5.1.2.     Consequently, the Company’s share capital shall pass from R$6,761,281,357.93 (six billion, seven hundred and sixty-one million, two hundred and eighty-one thousand, three hundred and fifty-seven Reais  and ninety-three cents) to R$6,764,299,907.49 (six billion, seven hundred and sixty-four million, two hundred and ninety-nine thousand, nine hundred and seven Reais  and fourty-nine cents),   fully subscribed and paid in, divided into 264,452,885 (two hundred and sixty-four million, four hundred and fifty-two thousand, eight hundred and eighty-five) shares with no par value, 99,679,851 (ninety-nine million, six hundred and seventy-nine thousand, eight hundred and fifty-one) of which are common shares and 164.773.034 (one hundred and sixty-four million, seven hundred and seventy-three thousand and thirty-four) of which are preferred shares.

 


 
 

 

 

6.            APPROVAL AND SUBMISSION OF MINUTES: Having nothing to discuss further, the proceedings were adjourned and the minutes were prepared. Once the proceedings were resumed, the minutes were read and approved, all the attending Board members having signed them. São Paulo, 11th of December, 2013. Sigantures: Chairman – Jean-Charles Naouri; Secretary – Julian Fonseca Peña Chediak. Jean-Charles Naouri, Arnaud Strasser, p.p. Ronaldo Iabrudi, Antoine Marie Lazare Giscard d’Estaing, Ronaldo Iabrudi, Ulisses Kameyama, Eleazar de Carvalho Filho, Roberto Oliveira de Lima, Luiz Augusto de Castro Neves, Maria Helena dos Santos Fernandes Santana, Pedro Chermont de Miranda and Guilherme Affonso Ferreira. I certify, for due purposes, that this is an extract from the minutes registered with the relevant book, in accordance with section 130, paragraph 3 of Law No. 6.404/76 as amended.

 

 

 

Julian Fonseca Peña Chediak

Secretary

 

 

 

 

 

SIGNATURES

        Pursuant to the requirement of the Securities Exchange Act of 1934, the registrant has duly caused this report to be signed on its behalf by the undersigned, thereunto duly authorized.

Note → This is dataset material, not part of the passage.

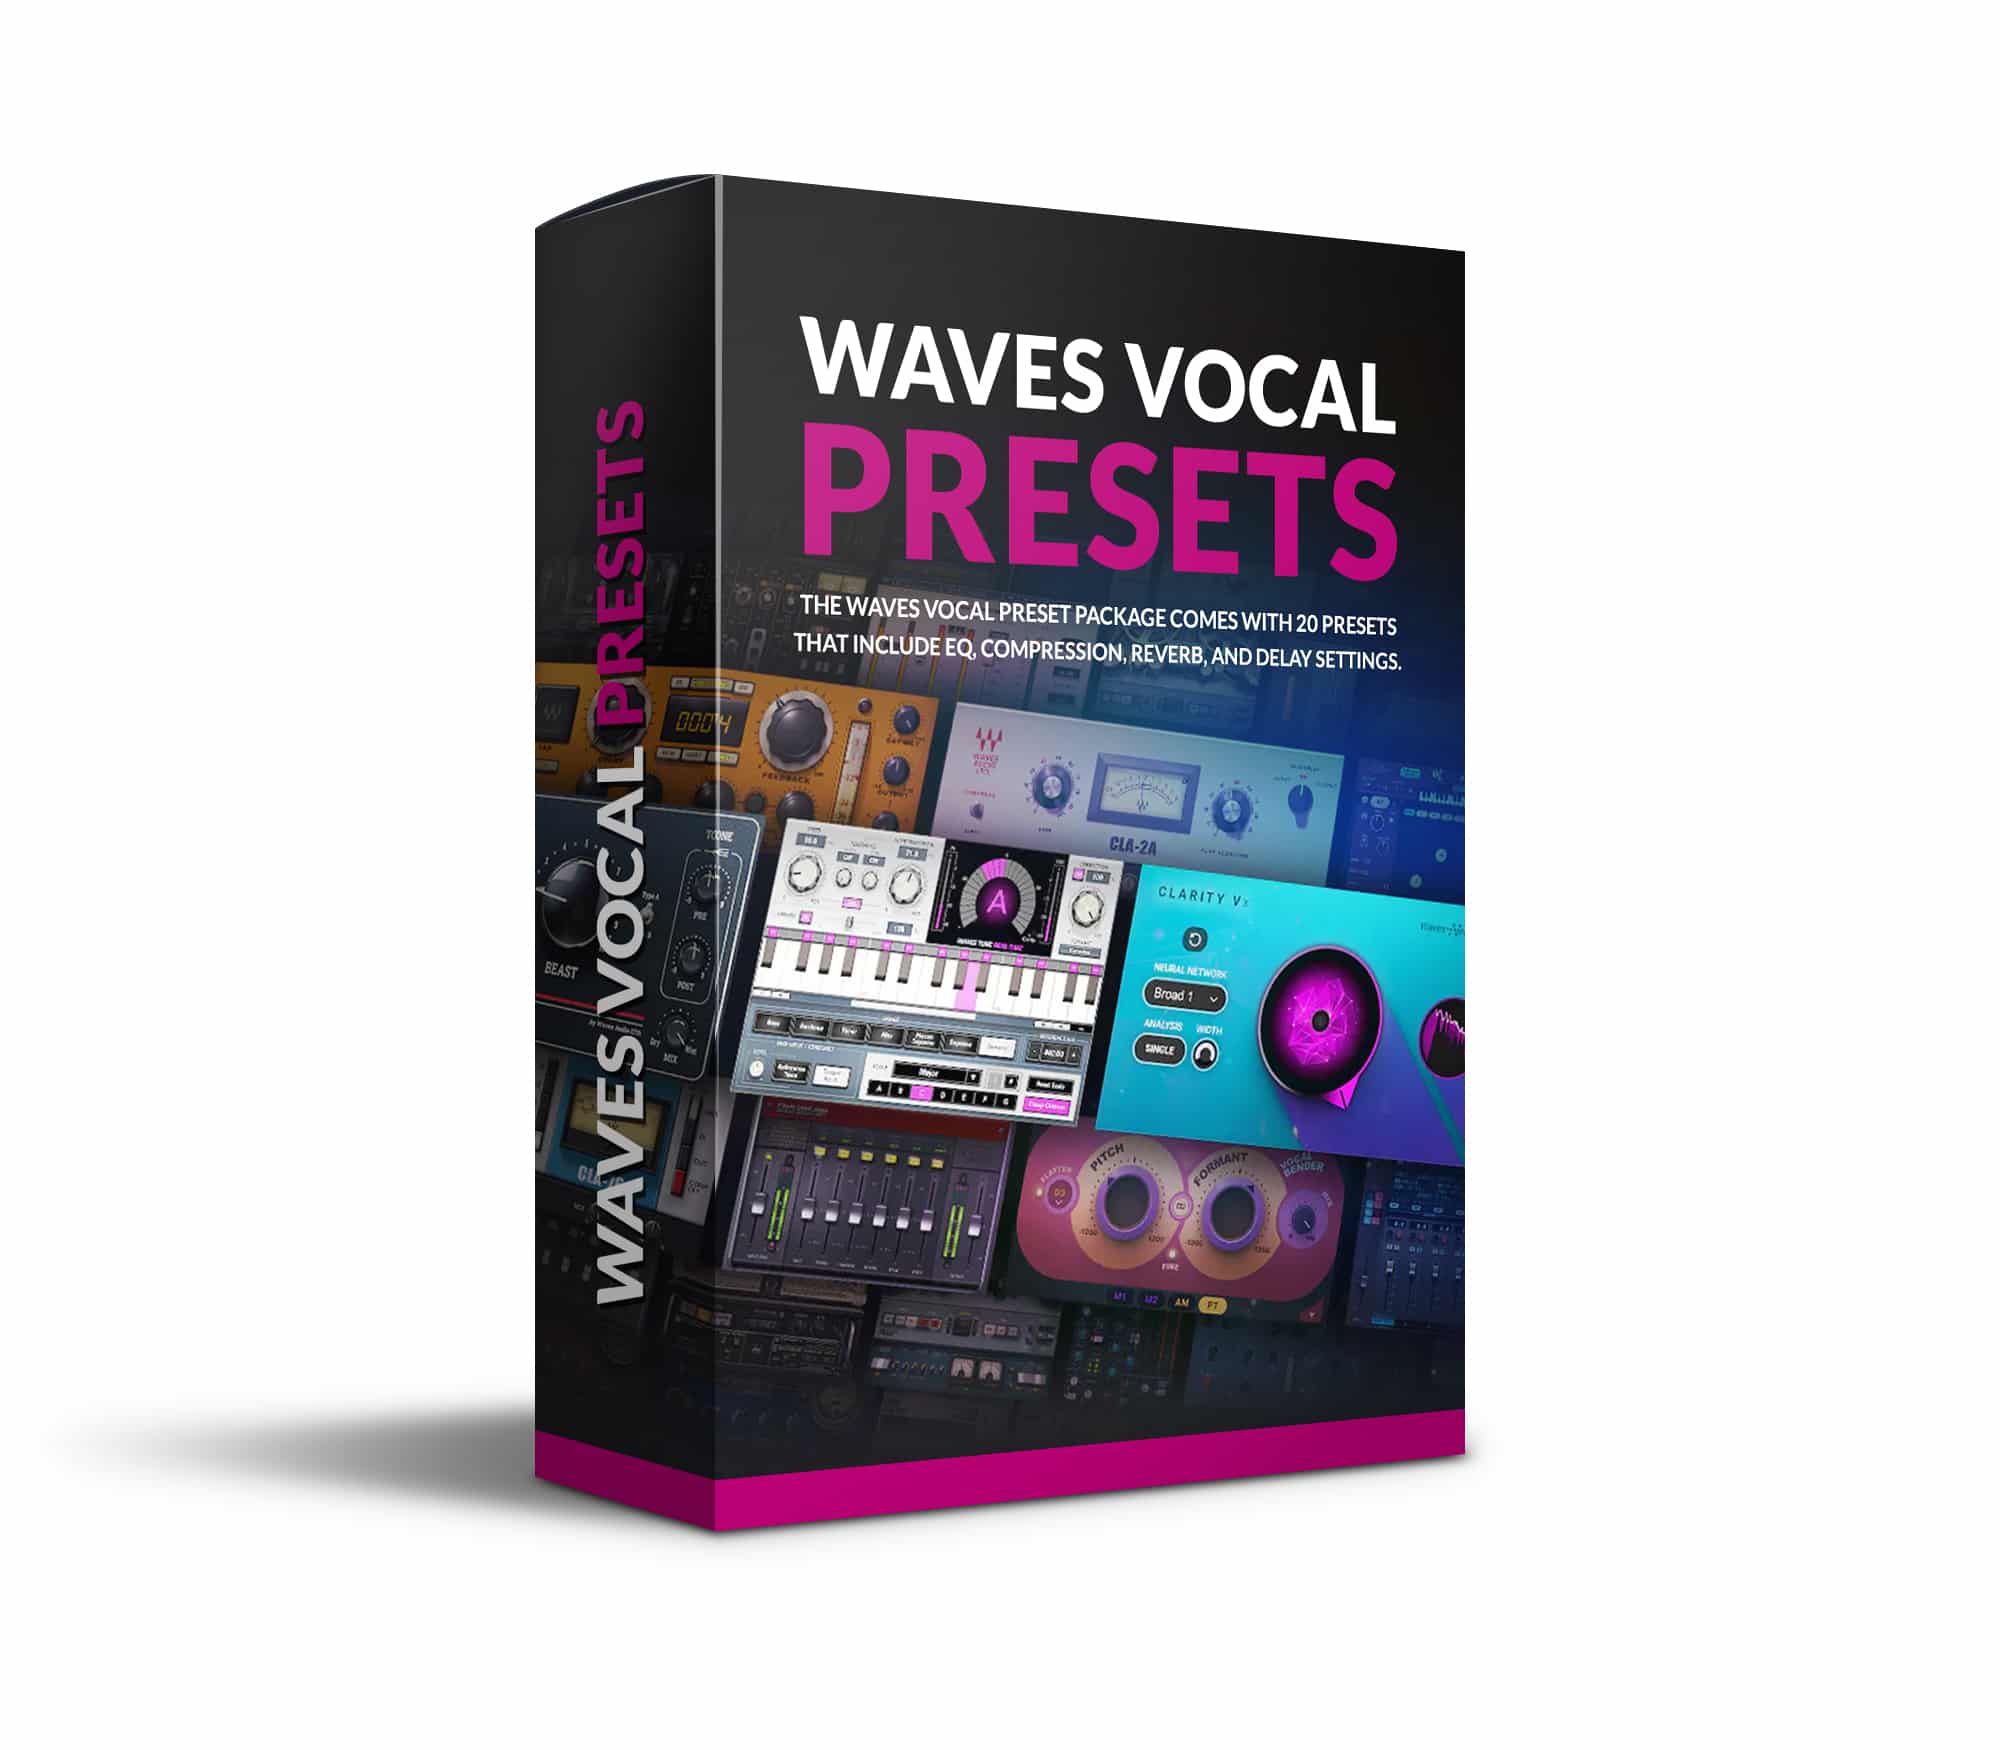 Waves Vocal Presets

COMPANHIA BRASILEIRA DE DISTRIBUIÇÃO



Date:  December 12, 2013 By:   /s/ Enéas César Pestana Neto      
         Name:   Enéas César Pestana Neto
         Title:      Chief Executive Officer



    By:    /s/ Daniela Sabbag            
         Name:  Daniela Sabbag 
         Title:     Investor Relations Officer


FORWARD-LOOKING STATEMENTS

This press release may contain forward-looking statements. These statements are statements that are not historical facts, and are based on management's current view and estimates offuture economic circumstances, industry conditions, company performance and financial results. The words "anticipates", "believes", "estimates", "expects", "plans" and similar expressions, as they relate to the company, are intended to identify forward-looking statements. Statements regarding the declaration or payment of dividends, the implementation of principal operating and financing strategies and capital expenditure plans, the direction of future operations and the factors or trends affecting financial condition, liquidity or results of operations are examples of forward-looking statements. Such statements reflect the current views of management and are subject to a number of risks and uncertainties. There is no guarantee that the expected events, trends or results will actually occur. The statements are based on many assumptions and factors, including general economic and market conditions, industry conditions, and operating factors. Any changes in such assumptions or factors could cause actual results to differ materially from current expectations.